The BLS seeks to capture these trends by estimating their impact on
employment. Those estimates can be wrong, of course, until they are
fixed by the annual revisions.
The revisions are often larger around turning points in the economy.
For example, when the economy is growing, there may be more startups
than the government expects, so revisions will be higher. If the
economy is slowing or slipping into a recession, the revisions may
be larger on the downside.
Here's why the May and June revisions may have been so large
Ernie Tedeschi, an economic adviser to the Biden administration,
points to the current dynamics of the labor market: Both hiring and
firing have sharply declined, and fewer Americans are quitting their
jobs to take other work. As a result, most of the job gains or
losses each month are probably occurring at new companies, or those
going out of business.
And those are the ones the government uses models to estimate, which
can make them more volatile.
Groshen also points out that since the pandemic there has been a
surge of new start-up companies, after many Americans lost their
jobs or sought more independence. Yet they may not have created as
many jobs as startups did pre-COVID, which throws off the
government’s models.

Revisions seem to be getting bigger
The revisions to May and June's job totals, which reduced hiring by
a total of 258,000, were the largest — outside recessions — since
1967, according to economists at Goldman Sachs.
Kevin Hassett, Trump's top economic adviser, went on NBC's “Meet the
Press” on Sunday and said, “What we’ve seen over the last few years
is massive revisions to the jobs numbers.”

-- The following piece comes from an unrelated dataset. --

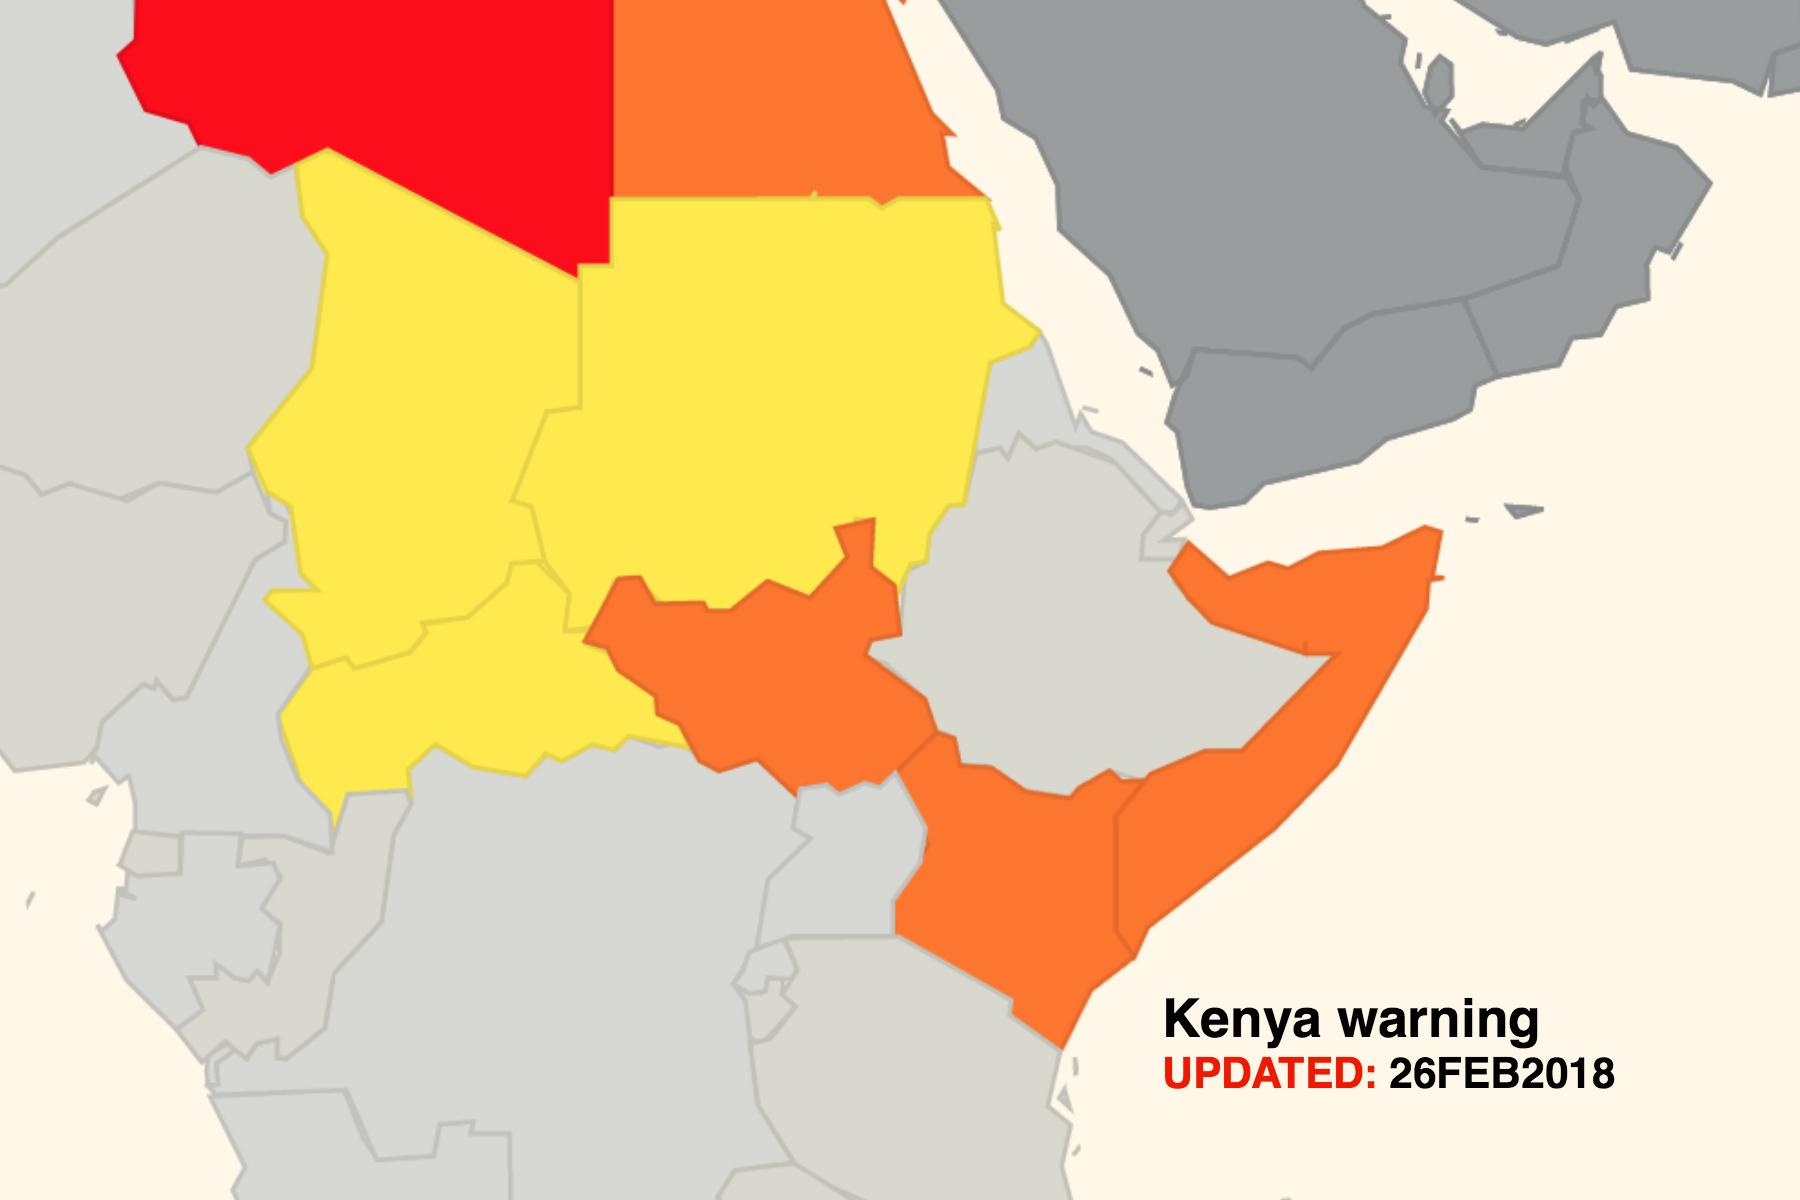 Kenya airspace threat downgraded
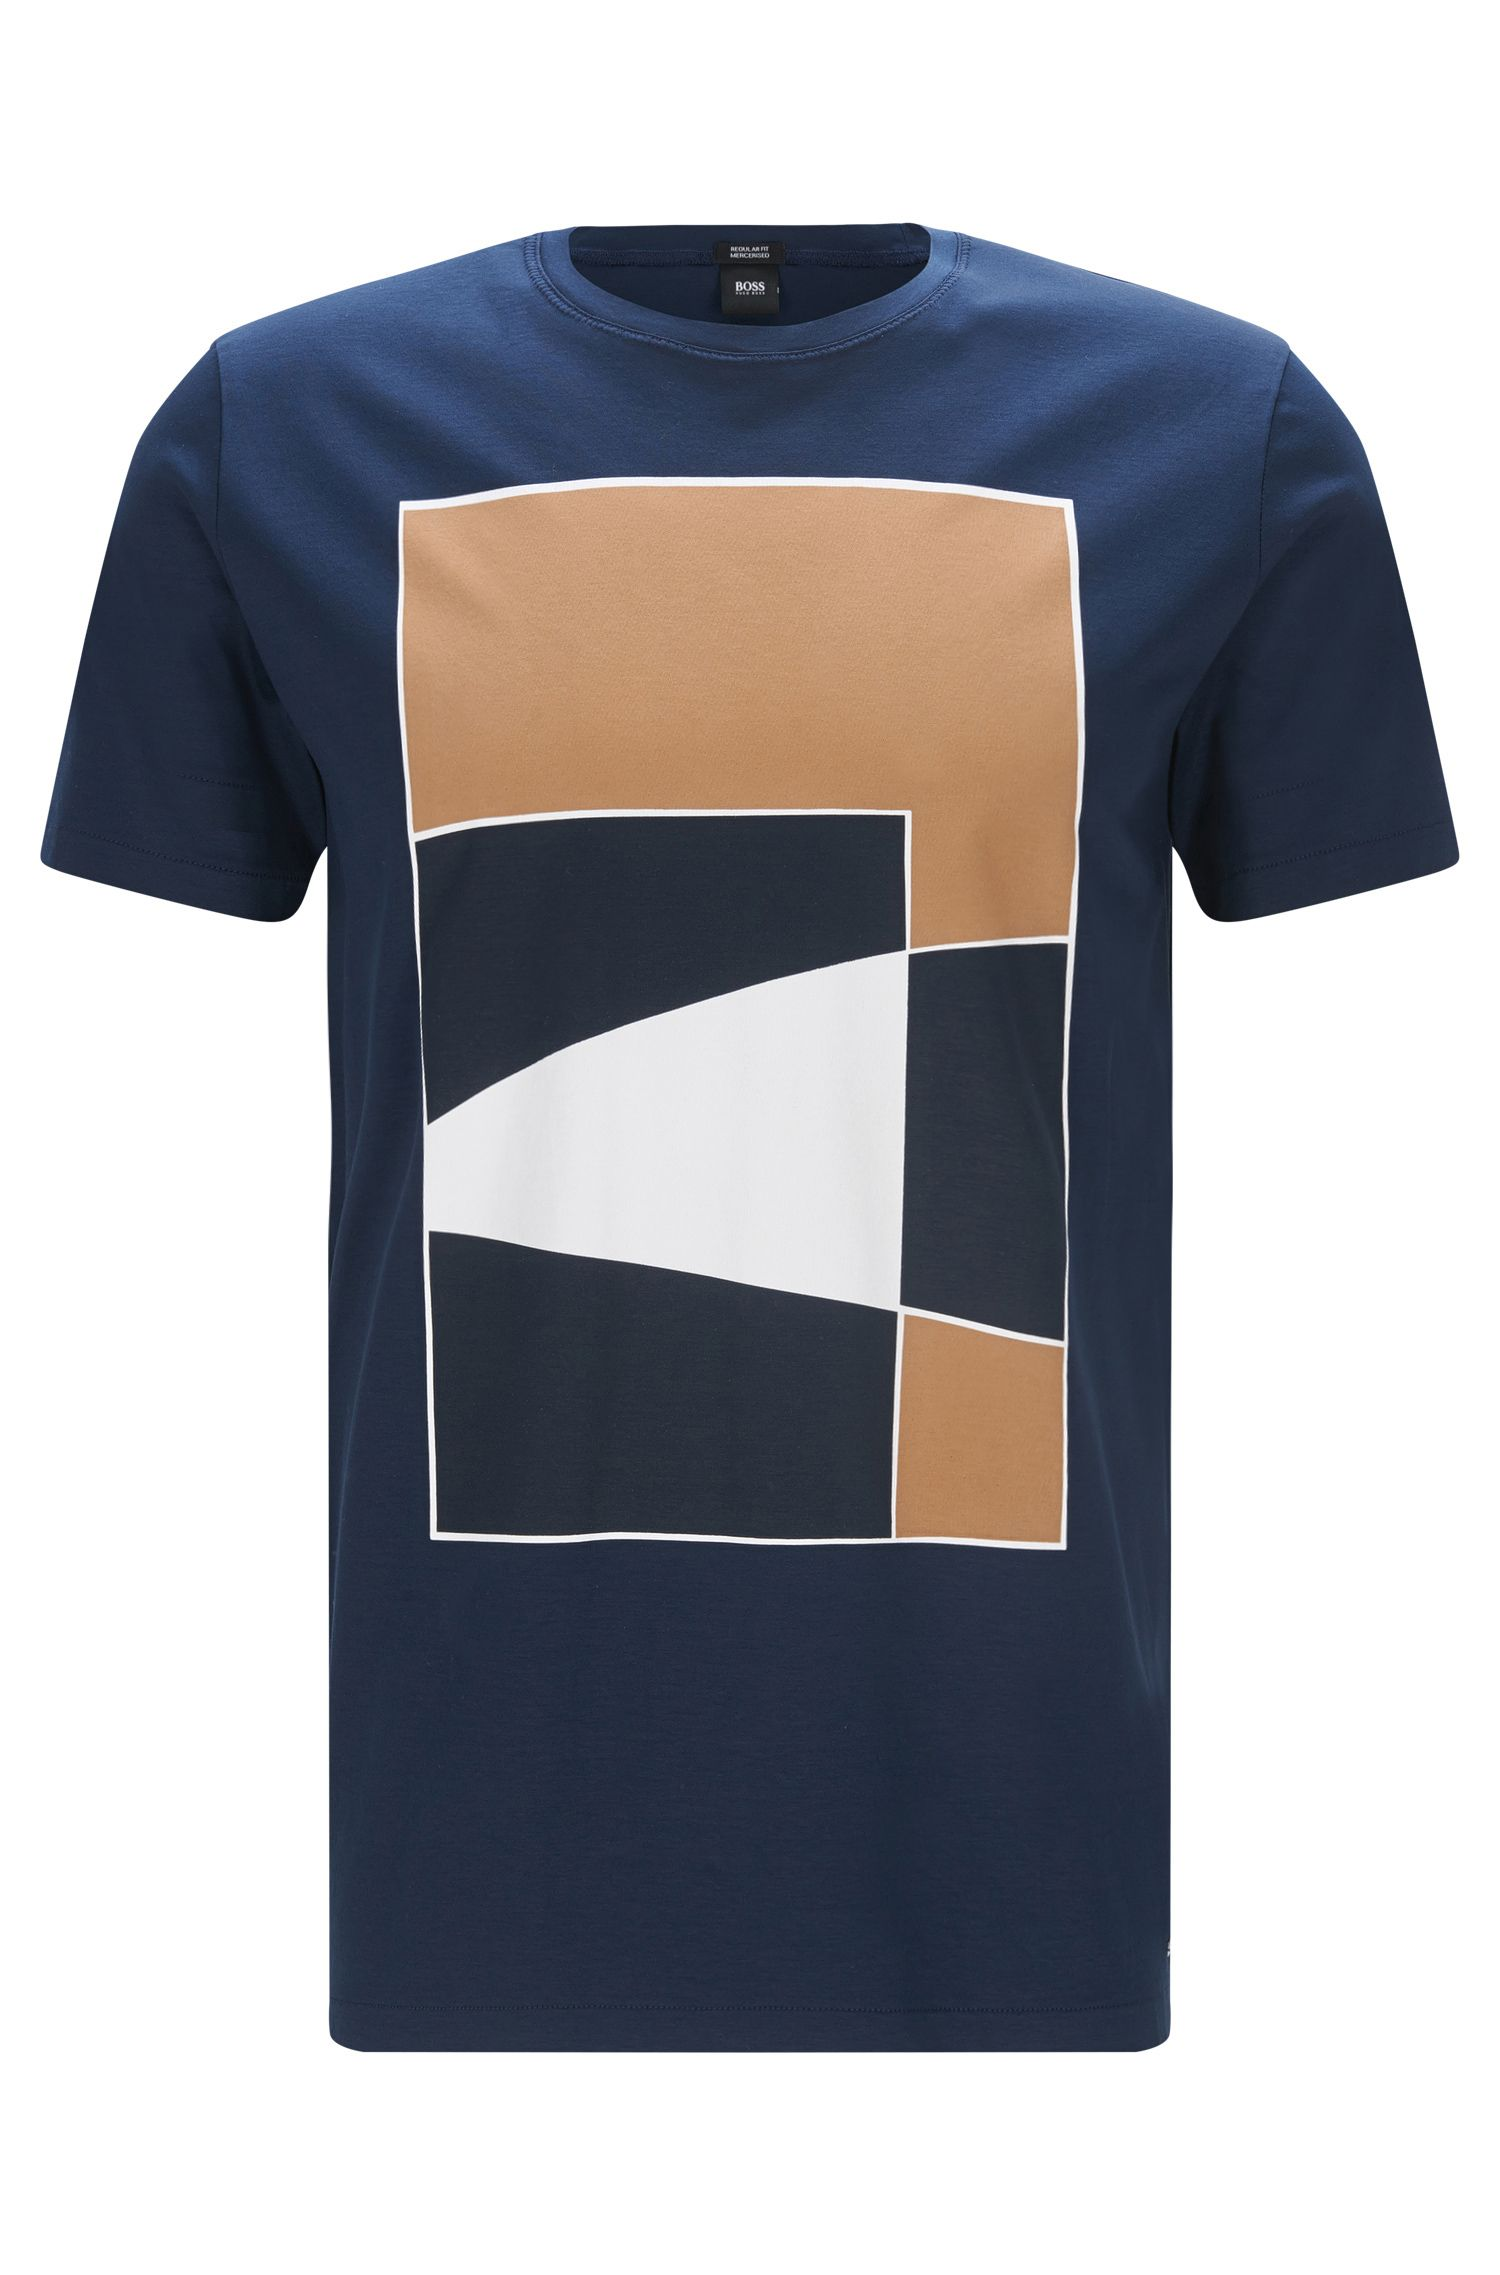 Cotton Graphic T-Shirt   Tilburt

Hassett blamed a sharp drop in response rates to the government's
surveys during and after the pandemic: “When COVID happened, because
response rates went down a lot, then revision rates skyrocketed.”
Yet calculations by Tedeschi show that while revisions spiked after
the pandemic, they have since declined and are much smaller than in
the 1960s and 1970s.
Other concerns about the government's data
Many economists and statisticians have sounded the alarm about
things like declining response rates for years. A decade ago, about
60% of companies surveyed by BLS responded. Now, only about 40% do.
The decline has been an international phenomenon, particularly since
COVID. The United Kingdom has even suspended publication of an
official unemployment rate because of falling responses.
And earlier this year the BLS said that it was cutting back on its
collection of inflation data because of the Trump administration's
hiring freeze, raising concerns about the robustness of price data
just as economists are trying to gauge the impact of tariffs on
inflation.
U.S. government statistical agencies have seen an inflation-adjusted
16% drop in funding since 2009, according to a July report from the
American Statistical Association.
“We are at an inflection point,” the report said. “To meet current
and future challenges requires thoughtful, well-planned investment
... In contrast, what we have observed is uncoordinated and
unplanned reductions with no visible plan for the future.